The settlement will pay McKay $233,583 within 30 days of the May 24 agreement, and another $239,500 on Jan. 8, 2020. In addition, McKay will be paid for 80 unused vacation days at the per diem rate of $988.18 for a total of $79,054. The college also will reimburse McKay so he can keep his health insurance coverage through the school for six months.
Details of the agreement became public Tuesday after Newsday filed a request under the state Freedom of Information Law. The college board of trustees, in a 7-0 vote, approved the settlement May 24, the day after the college’s commencement, but initially delayed disclosure citing federal age discrimination rules. McKay and his attorney Saul Zabell did not return calls for comment.

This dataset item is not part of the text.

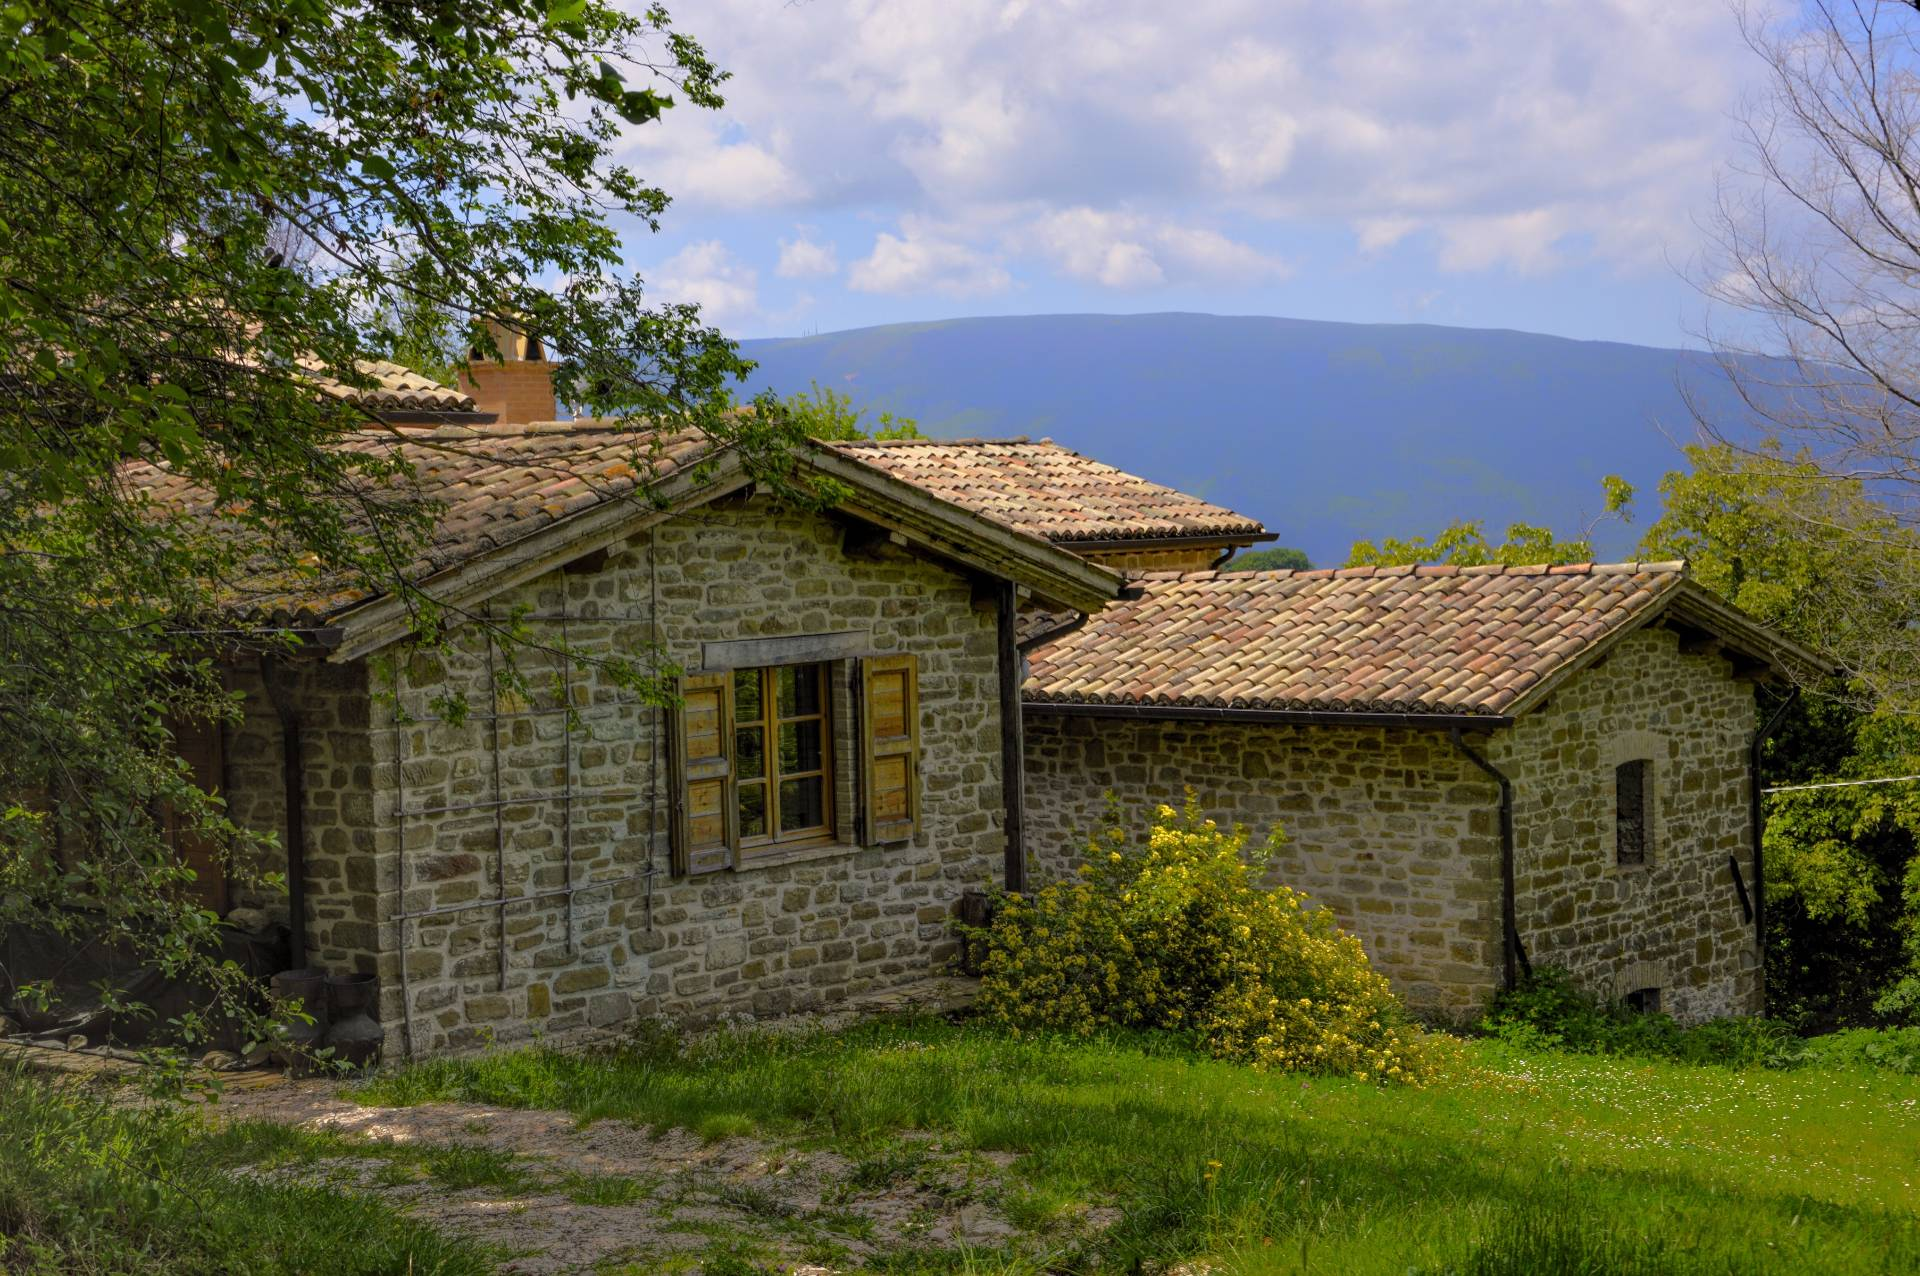 Rustico / Casale in vendita a Assisi, 8 locali, zona Località: Paradiso, prezzo € 310.000 | CambioCasa.it

The resignation agreement comes after the trustees put McKay, president for a decade at the state’s largest community college, on paid administrative leave Jan. 8 from his $257,914-a-year job over undisclosed allegations.
Trustees had already decided not to extend McKay’s contract, although he had requested a 10-year extension after being on a 77-day sick leave earlier in 2018. A trustees committee made no firing recommendation, but instead began settlement talks with the help of outside attorney Thomas Volz. During his sick leave, McKay collected $114,000 in salary, car and housing allowance.

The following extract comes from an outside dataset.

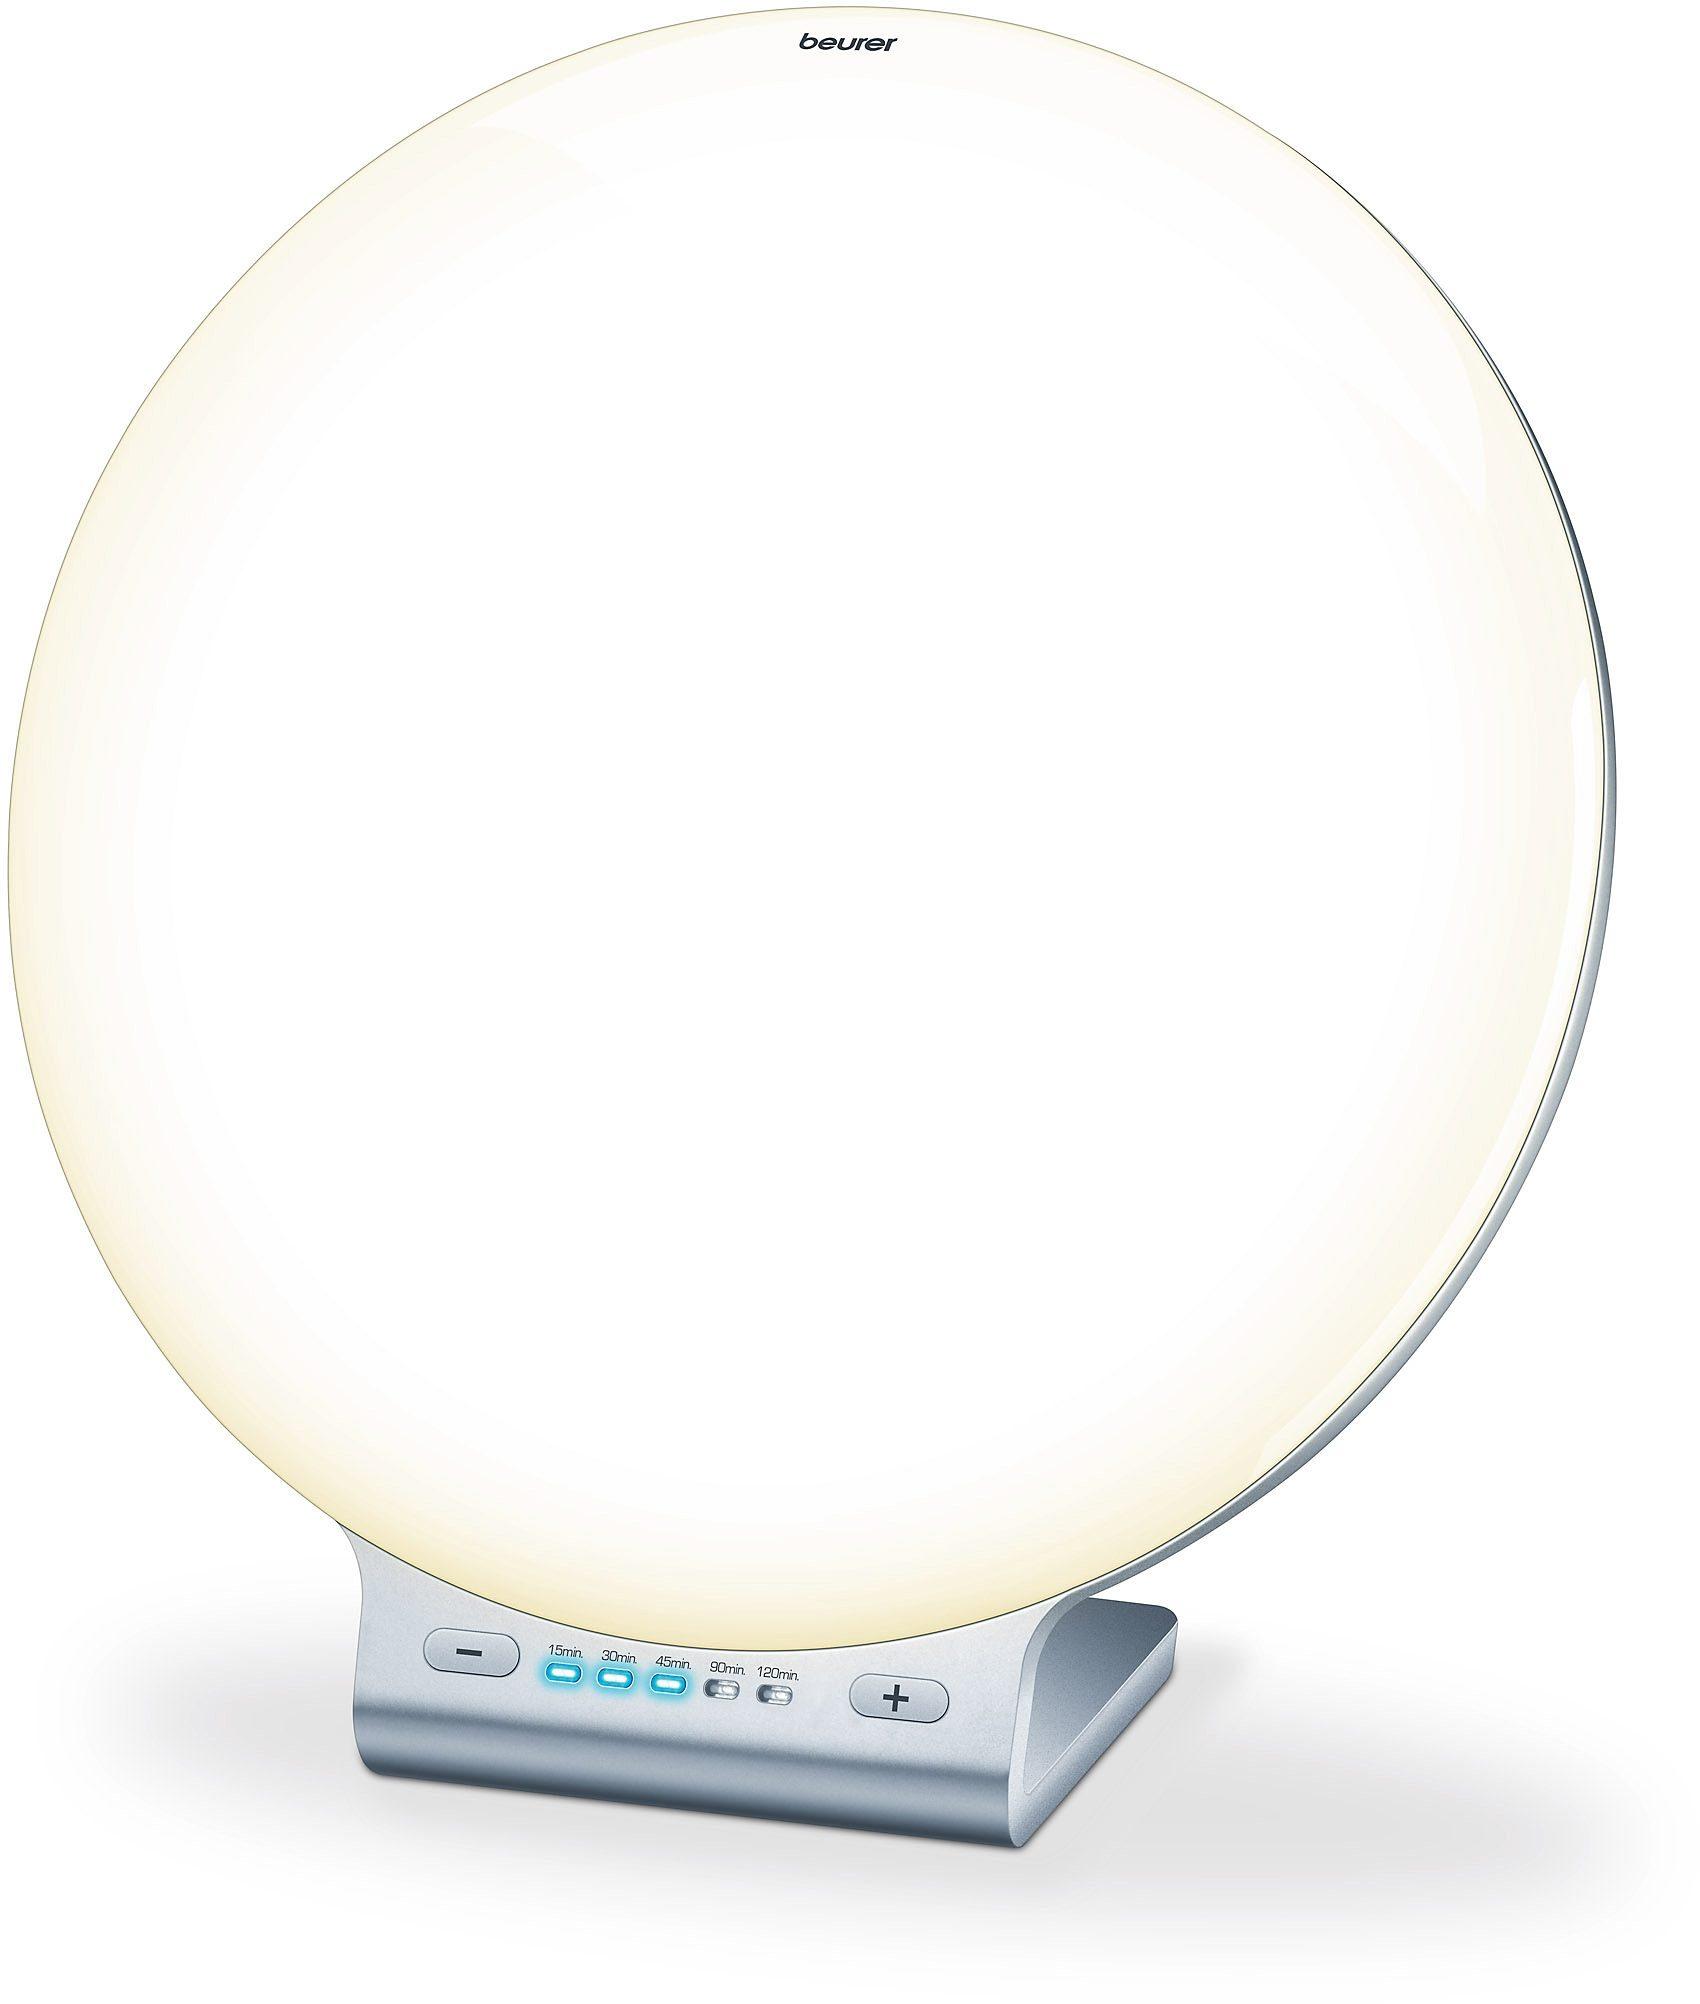 Beurer, Tageslichtlampe TL 70

In the pact, both sides agreed “not to disparage, denigrate or defame” the other. If called for references, the college agreed ito disclose the dates and titles in which McKay served and say he resigned voluntarily. It also states that McKay, “may elect to record a farewell message” to be posted on the college website for two months, to wish students well, list his accomplishments and plans.
In an email to the college community issued Tuesday afternoon, board chair Theresa Sanders stated: “There were no findings of wrongdoing, incapacity or misconduct on the part of Dr. McKay during his tenure as president” and she wished him well “as he begins his pursuit of new opportunities.”
Under the agreement, McKay also acknowledges “no other compensation … or other payments of any kind are due and owing to him” and he “shall not perform any further duties.” It relieves the college trustees of a provision in McKay’s contract that they inherited, which would have required the school to give the former president, 53, a senior administrative post after stepping down.
Sanders said the college would seek proposals in the next few weeks from recruiting firms to “design, plan and manage a national presidential search effort” and the search committee would include “a cross-section of members from the college, SUNY, and external community organizations.”
The agreement comes as students will face a $250 tuition increase this fall, even though County Executive Steve Bellone last week backed a 3 percent hike in county aid that had been requested by trustees for the college’s budget. “It’s a slap in the face of every Suffolk student, facing a tuition increase next year,” said Legis. Rob Trotta (R-Fort Salonga).